Time constraints got in the way however, and I didn’t get a chance to look at what exactly was the problem. And so the issue sat in the back of my mind waiting for the opportunity to taunt me once more. And that time came a few days ago.
I sat down with the code and promised myself that I would resolve the issue. First, I made sure the problem was still present – which it was. My next step was to try the Haskell IRC channel but there were no clues to be found there. So I resorted to poking the code myself with surgical precision looking for any tumour that could be causing the symptoms.
Specifics
At this point I should probably start providing some specifics about what I was actually doing, since I suspect there are actually several issues present. The test run is
ab -n 1000 -c 100 http://localhost:9999/
with the following behaviours:
- left to run
- interrupted with ctrl-c
- interrupted with ctrl-c, rerun, interrupted, rerun etc.

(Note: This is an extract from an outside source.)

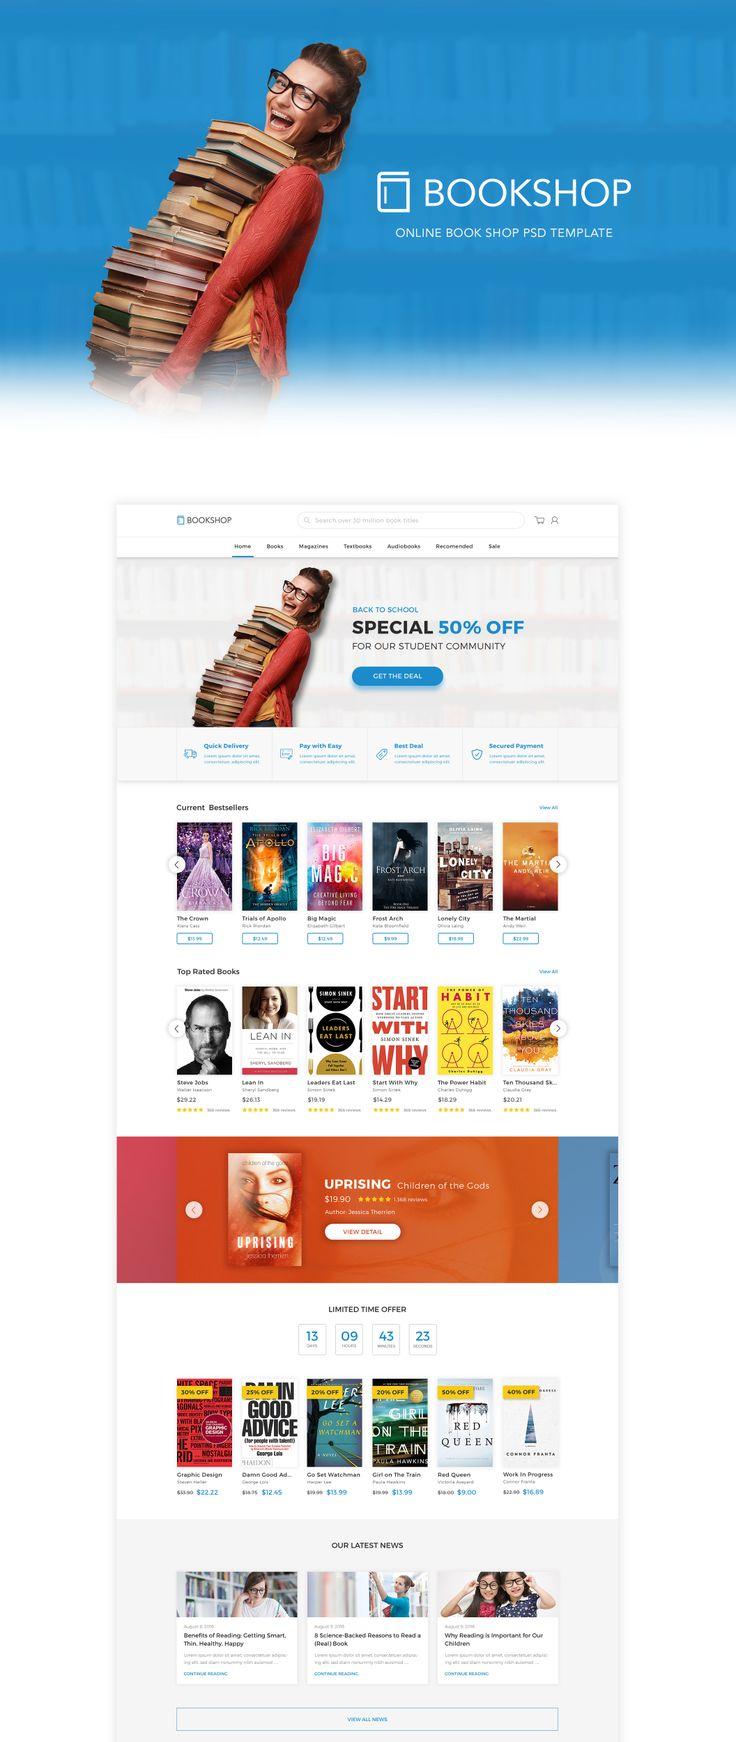 Modern & Fresh Online Book Store Template Psd

There are few things to be aware of here. First, ab is sending HTTP requests and expecting HTTP responses. It doesn’t get these, instead it gets a whole bunch of HTTP requests sent back if it is lucky and they are likely to be all mixed up. Here is a typical log of the console when running:
new client data: GET / HTTP/1.0 data: Host: localhost:9999 data: User-Agent: ApacheBench/2.3 data: Accept: */* data: data: GET / HTTP/1.0 data: Host: localhost:9999 data: User-Agent: ApacheBench/2.3 data: Accept: */* data: data: Host: localhost:9999 data: User-Agent: ApacheBench/2.3 data: Accept: */* new client new client data: GET / HTTP/1.0
As a result of these malformed HTTP responses, the individual responses will, if all is well, time out. So, there are potentially 1000 requests waiting for responses.

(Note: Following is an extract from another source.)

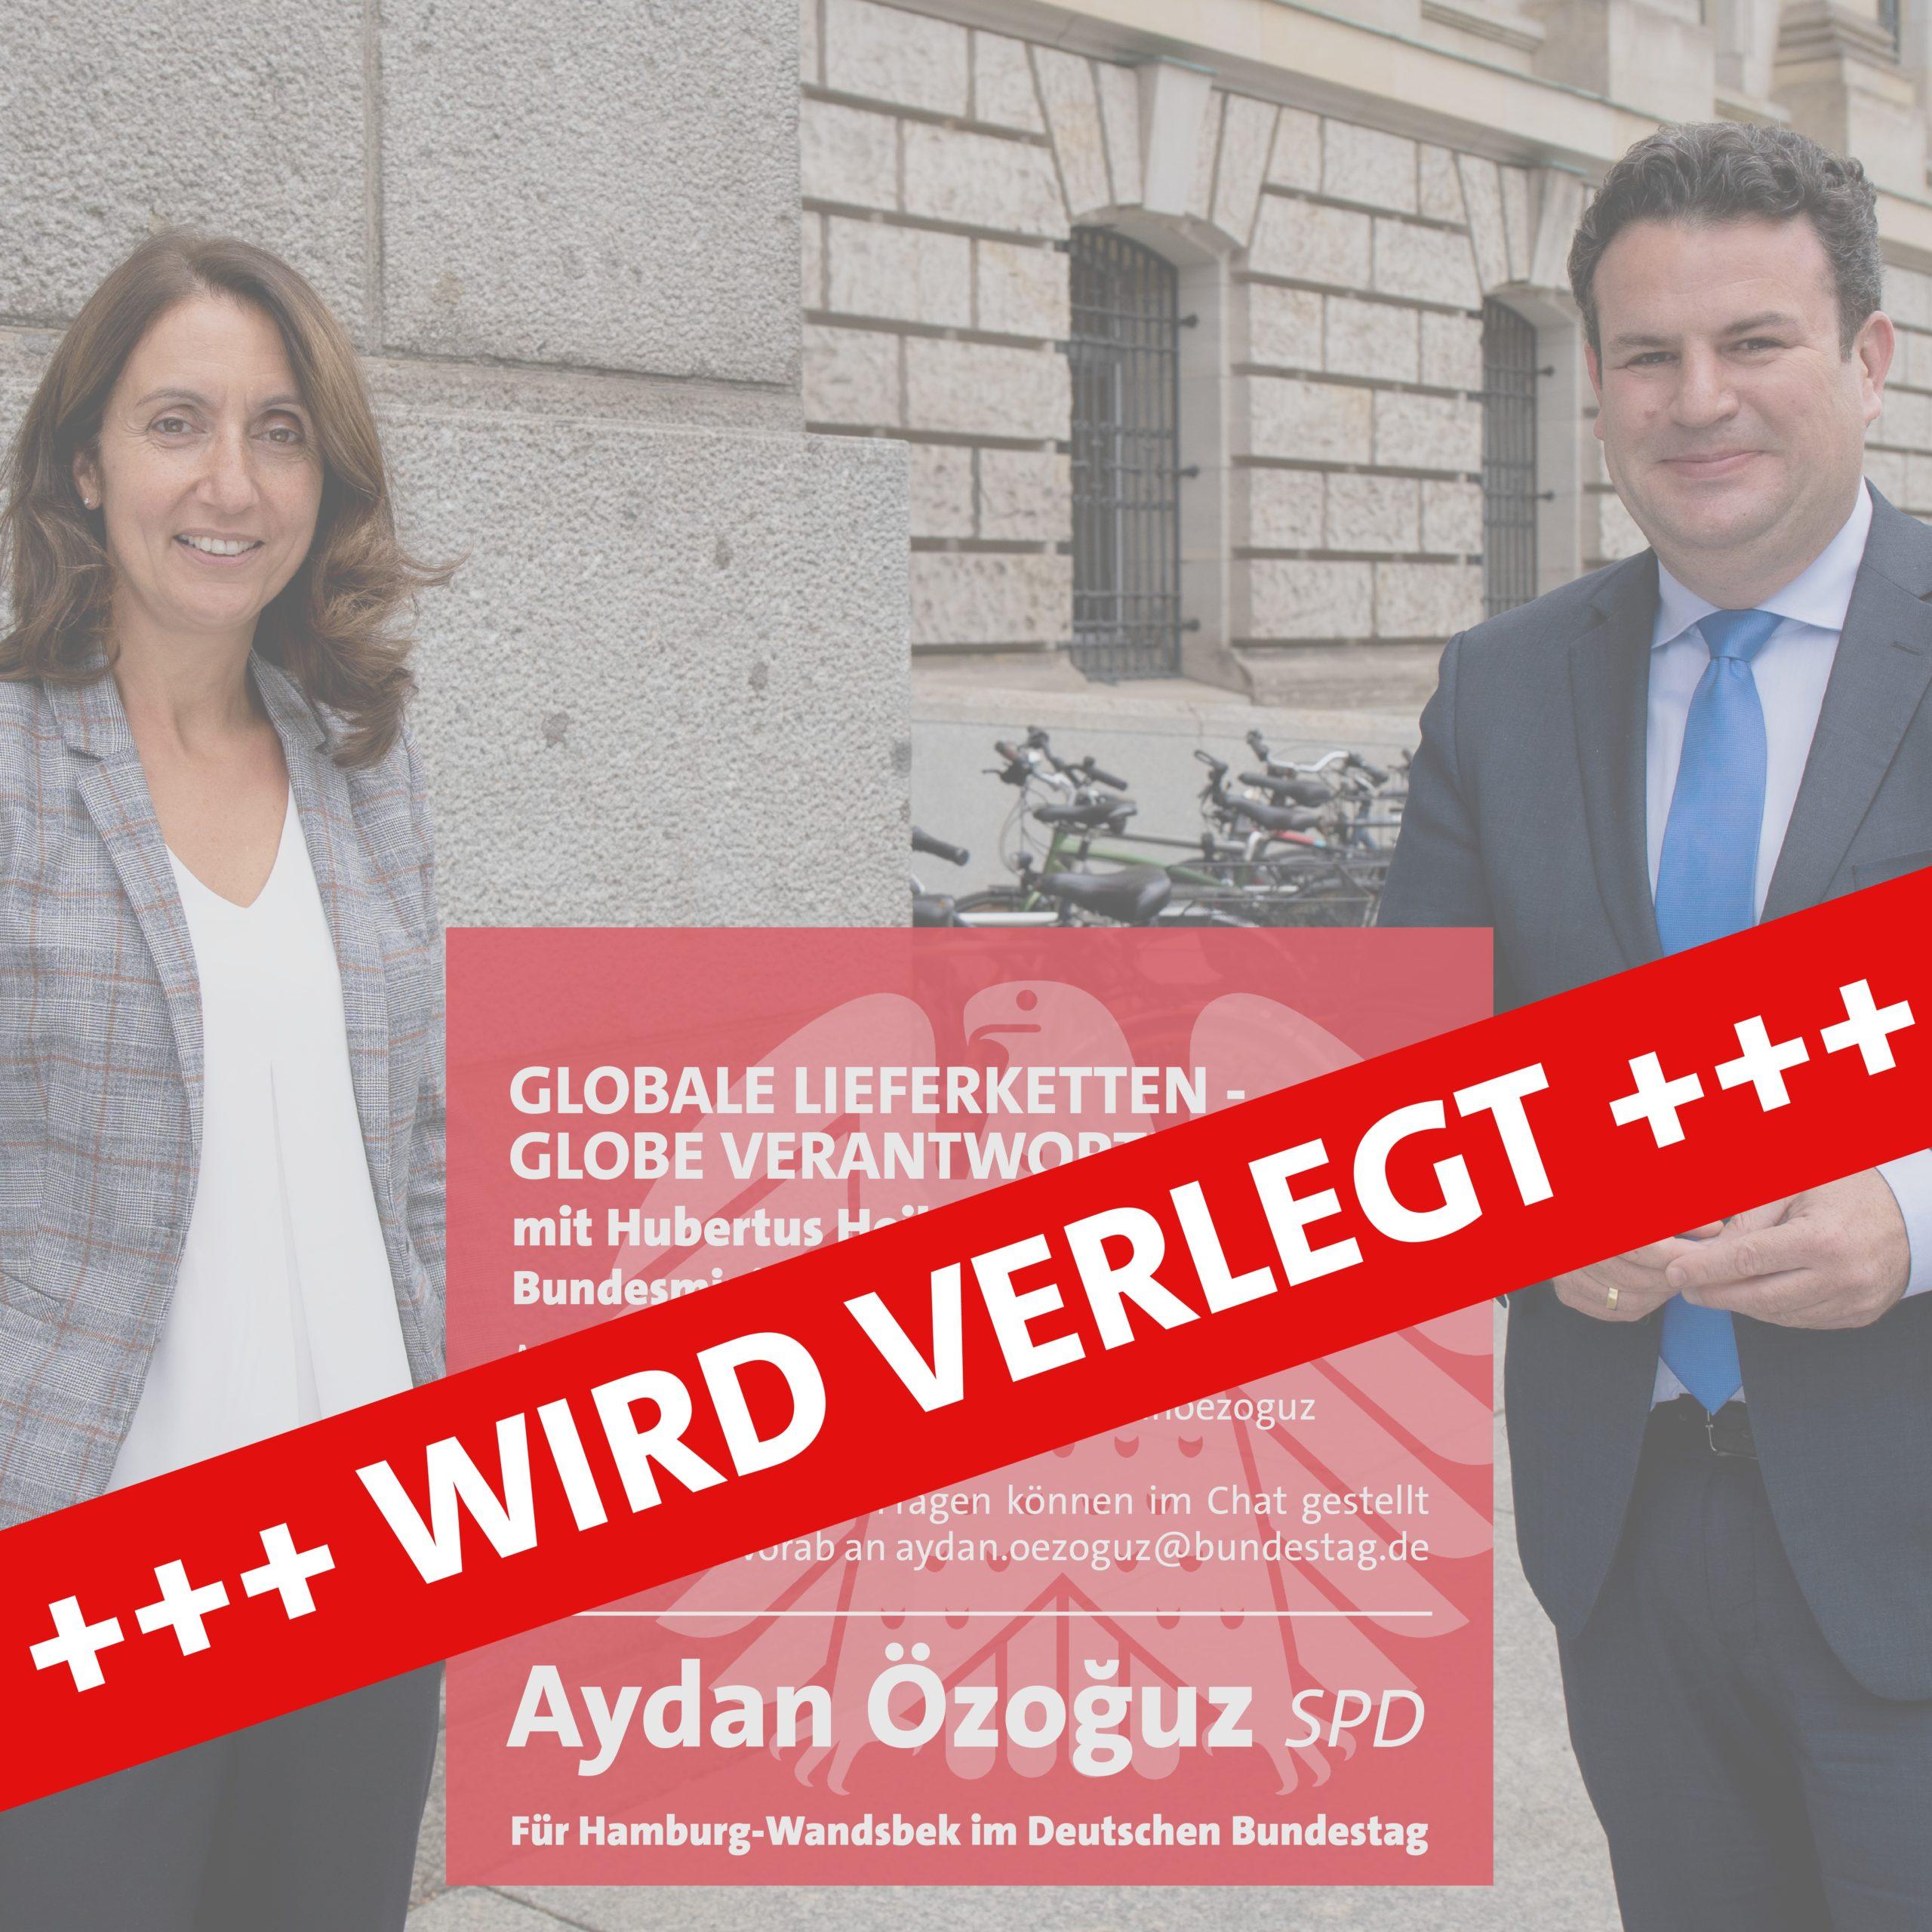 Veranstaltung mit Arbeitsminister Hubert Heil wird verlegt

The second thing to be aware of is that the behaviour is non-deterministic. This is not unexpected, as we are at the mercy of threading. Sometimes the first test (left to run) will not cause the server to shutdown, other times it will. Sometimes the second test (interrupted) will not cause the server to shutdown, other times it also will. However, the third test has always resulted in the server shutting down, almost always on the second interruption – although not always.
The investigation begins
The first exploratory incision was made by removing the
hPutStrLn h line
line. This does appear to have the effect of making the server reliable once more. Unfortunately it also has the effect of making the char server very quiet, since nothing is ever output to the clients. Rather an extreme solution, but it begins to suggest where the problem might lie.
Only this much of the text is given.